Software engineering is an engineering discipline, and conformity is exactly what you want in engineering — because in engineering you don't call it 'conformity', you call it 'standardization'. Nobody wants to hire a maverick bridge-builder, they wanna hire the guy who follows standards and best practices because that's how you build a bridge that doesn't fall down. The engineers who don't follow standards and who deride others as being too stupid or too conservative to understand their vision are the ones who end up crushed to death by their imploding carbon fiber submarine at the bottom of the Atlantic.

AI has exactly the same "maverick" tendencies as human developers (because, surprise surprise, it's trained on human output), and until that gets ironed out, it's not suitable for writing anything more than the most basic boilerplate — which is stuff you can usually just copy-paste together in five minutes anyway.
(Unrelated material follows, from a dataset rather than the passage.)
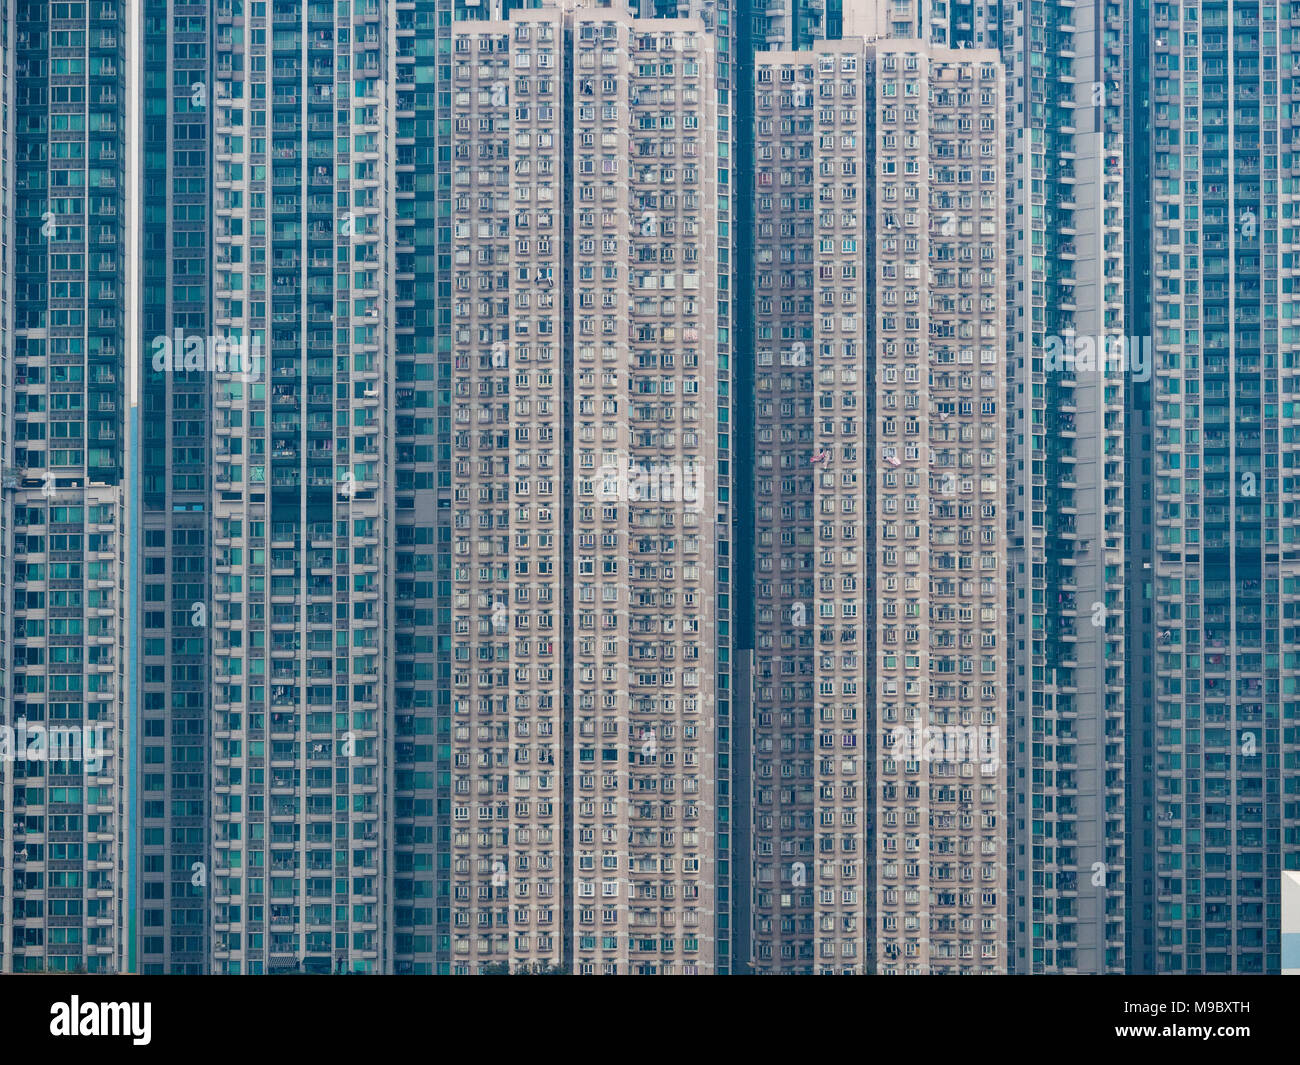 Hong Kong - Haute Densité des logements privés dans la région de Belvedere Garden, Tsuen Wan, Hong Kong, New Territories, construit entre 1987 et 1991. Banque D'Images

[-] hisao@ani.social -2 points 1 month ago

You're right of course and engineering as a whole is a first-line subject to AI. Everything that has strict specs, standards, invariants will benefit massively from it, and conforming is what AI inherently excels at, as opposed to humans. Those complaints like the one this subthread started with are usually people being bad at writing requirements rather than AI being bad at following them. If you approach requirements like in actual engineering fields, you will get corresponding results, while humans will struggle to fully conform or even try to find tricks and loopholes in your requirements to sidestep them and assert their will while technically still remaining in "barely legal" territory.

[-] TechLich@lemmy.world 1 points 1 month ago

I feel like this isn't quite true and is something I hear a lot of people say about ai. That it's good at following requirements and confirming and being a mechanical and logical robot because that's what computers are like and that's how it is in sci fi.

In reality, it seems like that's what they're worst at. They're great at seeing patterns and creating ideas but terrible at following instructions or staying on task. As soon as something is a bit bigger than they can track context for, they'll get "creative" and if they see a pattern that they can complete, they will, even if it's not correct. I've had copilot start writing poetry in my code because there was a string it could complete.

Get it to make a pretty looking static web page with fancy css where it gets to make all the decisions? It does it fast.

Give it an actual, specific programming task in a full sized application with multiple interconnected pieces and strict requirements? It confidently breaks most of the requirements, and spits out garbage. If it can't hold the entire thing in its context, or if there's a lot of strict rules to follow, it'll struggle and forget what it's doing or why. Like a particularly bad human programmer would.

This is why AI is automating art and music and writing and not more mundane/logical/engineering tasks. Great at being creative and balls at following instructions for more than a few steps.

[-] 0x01@lemmy.ml -1 points 1 month ago

I use it extensively daily.

It cannot step through code right now, so true debugging is not something you use it for. Most of the time the llm will take the junior engineer approach of "guess and check" unless you explicitly give it better guidance.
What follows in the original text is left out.